Solution Architecture

The main process of the solution consists of seven steps:

  1. The job trigger runs a new Step Functions workflow to run a compute job on premises and provides the necessary information (such as priority and required resources).
  2. The job manager creates a new record in DynamoDB to add the job to the queue of the job queue manager, and the workflow waits for the job queue manager to call back.
  3. Amazon EventBridge triggers a scheduled Lambda function in the job queue manager periodically (for example, every 5 minutes), decoupled from the job requests.
  4. The job scheduler Lambda function retrieves real-time information from cluster metrics to see whether jobs can be scheduled at this point in time.
  5. The job scheduler function fetches all queued jobs from DynamoDB and tries to schedule as many of those jobs as possible to available compute resources based on priority, as well as memory and CPU demands.
  6. For each job that can be scheduled to the compute cluster, the job scheduler function communicates back to the job manager to signal the workflow to continue and that the job can be run.
  7. The job manager communicates with the on-premises cluster through the compute cluster adapter Lambda function to run the job, track its status periodically, and retry in case of errors.

On-premises compute cluster

In this post, we assume the on-premises compute cluster offers interfaces to interact with the compute resources. For example, customers could run a Spark compute cluster on premises that allows the following basic interactions through an API:

  • Upload and trigger a compute job on a cluster (for example, upload a Spark JAR file and submit)
  • Get the status of a compute job (such as running, stopped, or error)
  • Get error output in case of failures in the compute job (for example, the job failed due to access denied)

In addition, we assume the cluster can provide metrics on its current utilization. For example, the cluster could provide Prometheus metrics as aggregates over all resources within a compute cluster:

  • Memory utilization (for example, 2 TB with 80% utilization)
  • CPU utilization (for example, 5,000 cores with 50% utilization)

We use the terminology introduced here for the example in this post.
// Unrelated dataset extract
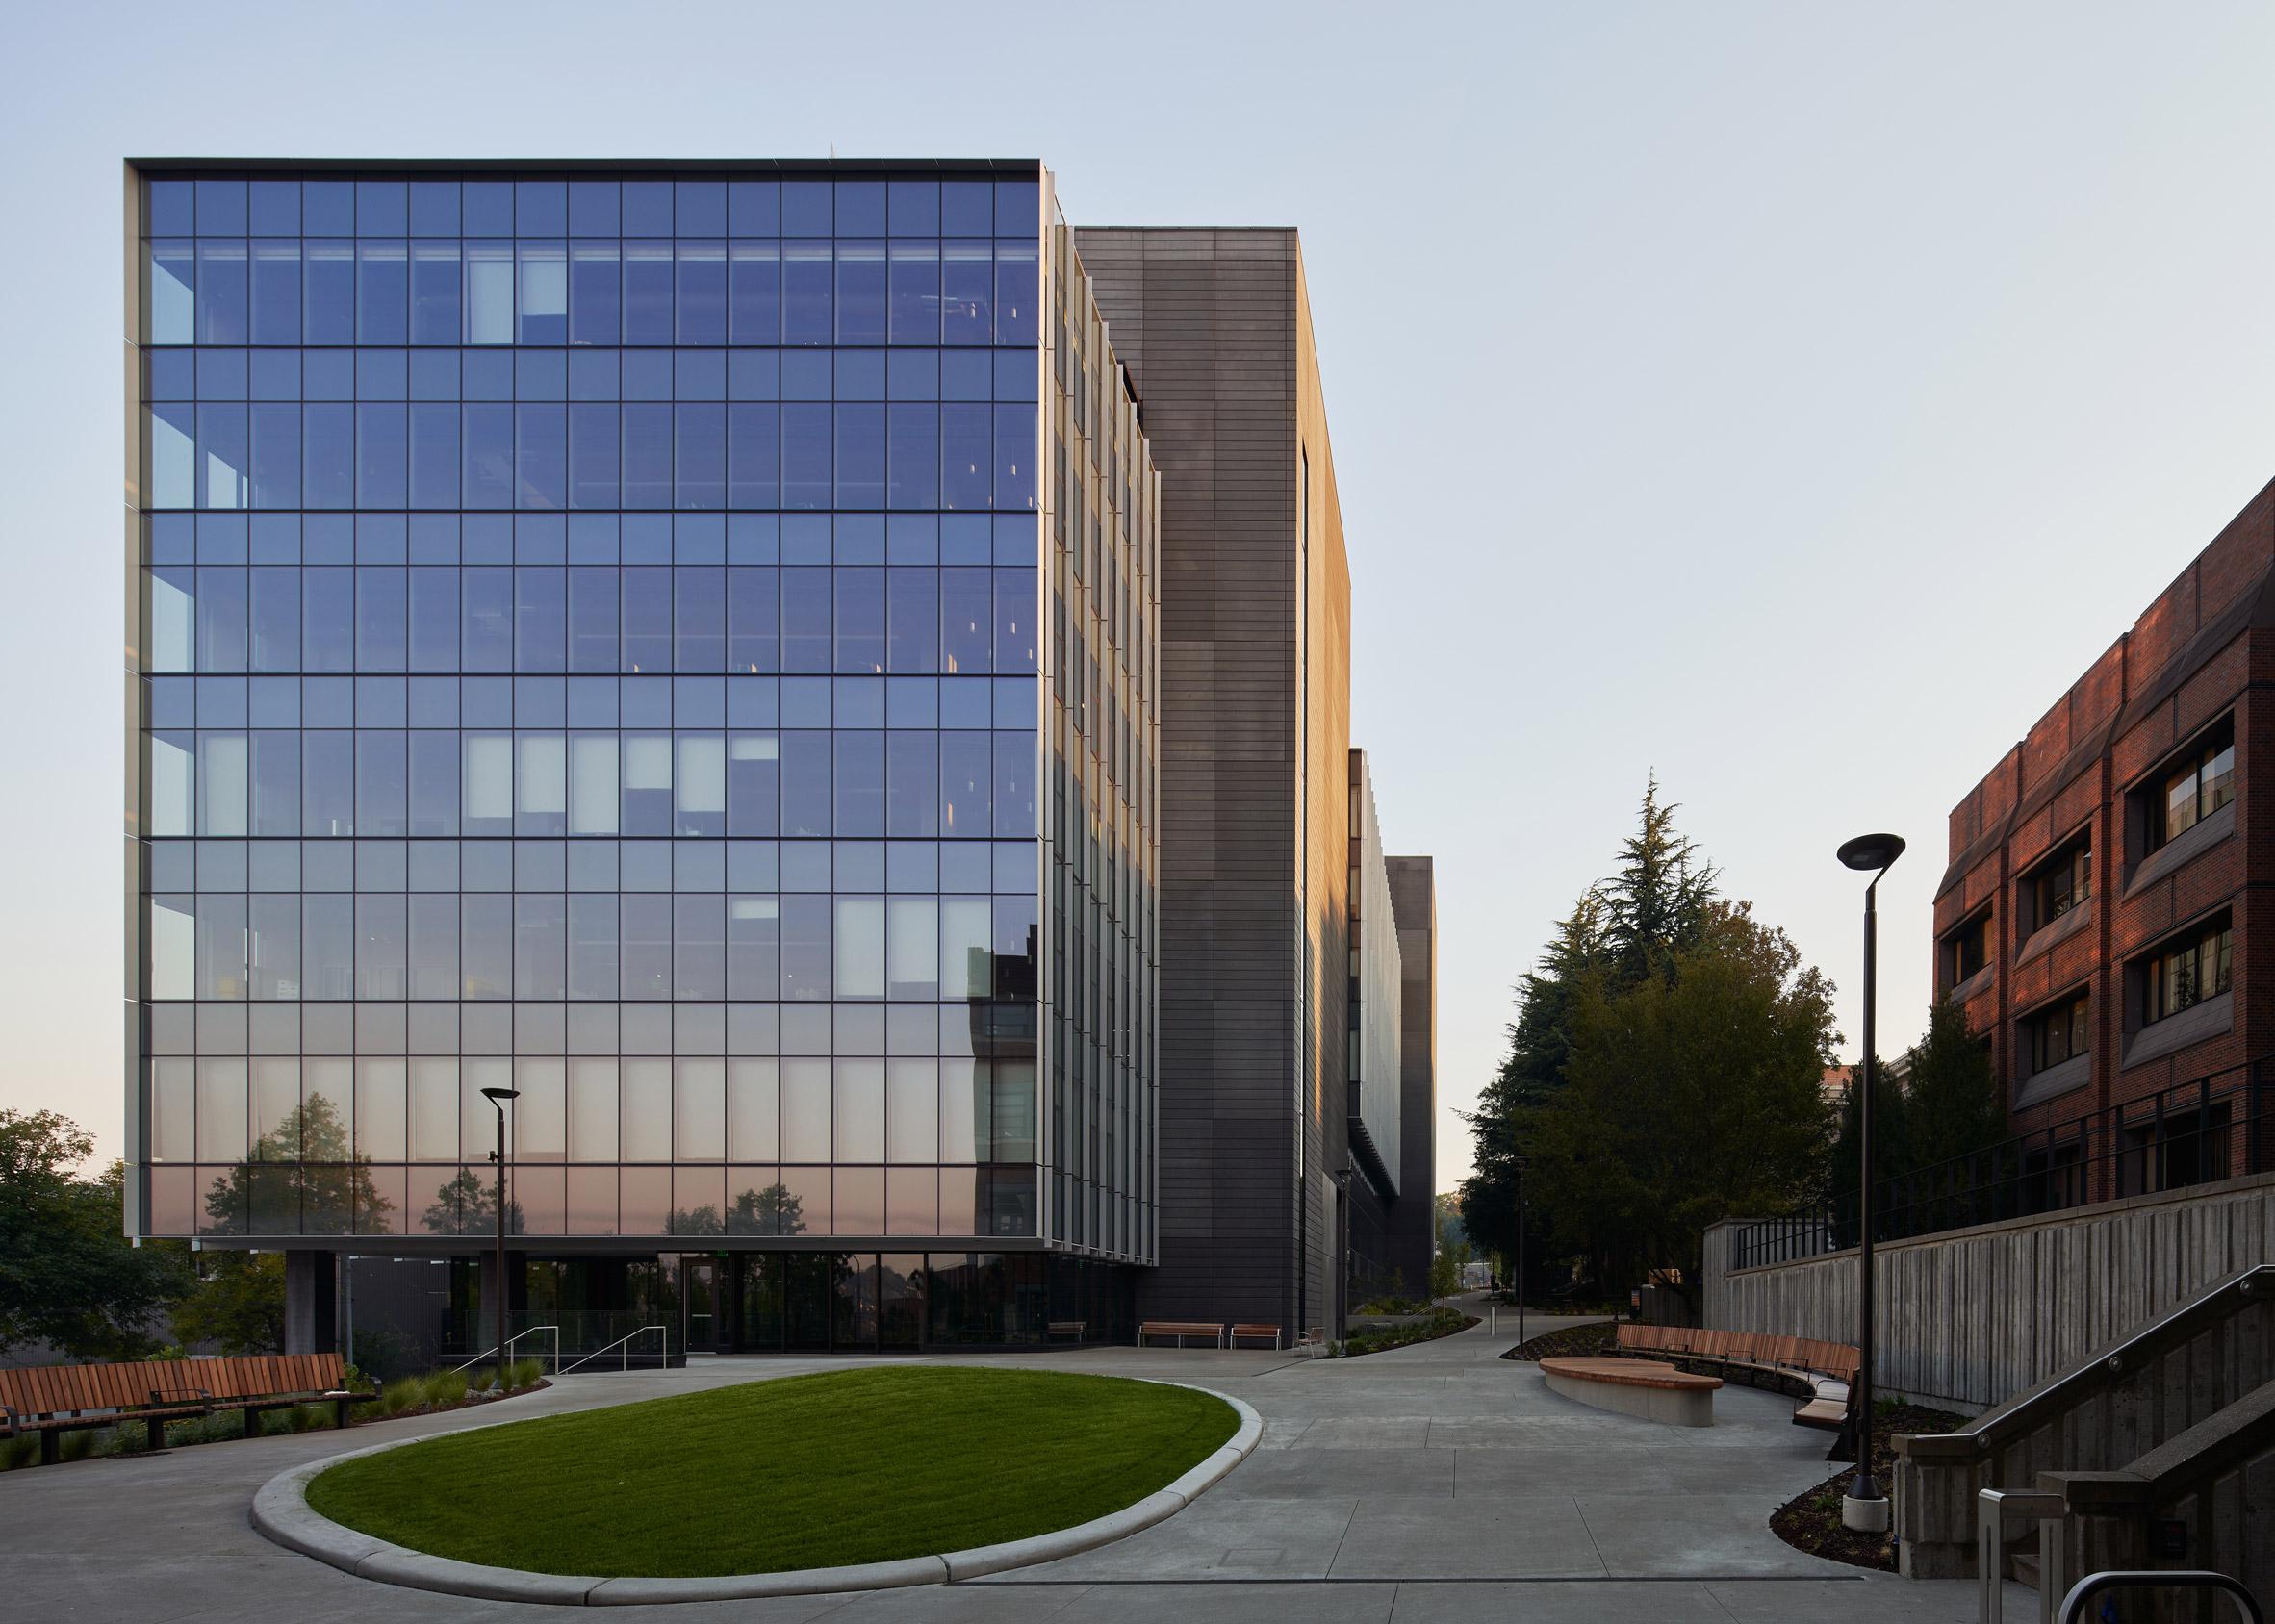 The Rosling Center is rectangular in shape

Depending on the capabilities of the on-premises cluster, you can adjust these concepts. For example, the compute cluster could use Kubernetes or SLURM instead of Spark.

Job manager

The job manager is responsible for communicating with on-premises clusters to trigger big data jobs and query their status. It’s a Step Functions state machine that consists of three steps, as illustrated in the following figure.

The first step is JobQueueRequest, which makes a request to the job queue manager component and waits for the callback. When the job queue manager sends OK to the waiting step with a callback pattern, the second step StartJobRun runs.

The StartJobRun step communicates with the on-premises environment (for example, via HTTP post to a REST API endpoint) to trigger an on-premises job.

The third step GetJobStatus queries the job status from the on-premises cluster. If the job status is InProgress, the state machine waits for a configured time. When the Wait state is over, it returns to the GetJobStatus step to query the job status again in a loop. When the job returns a successful state from the on-premises cluster, the state machine completes its cycle with a Success state. If the job fails with a timeout or with an error, the state machine completes its cycle with a Fail state.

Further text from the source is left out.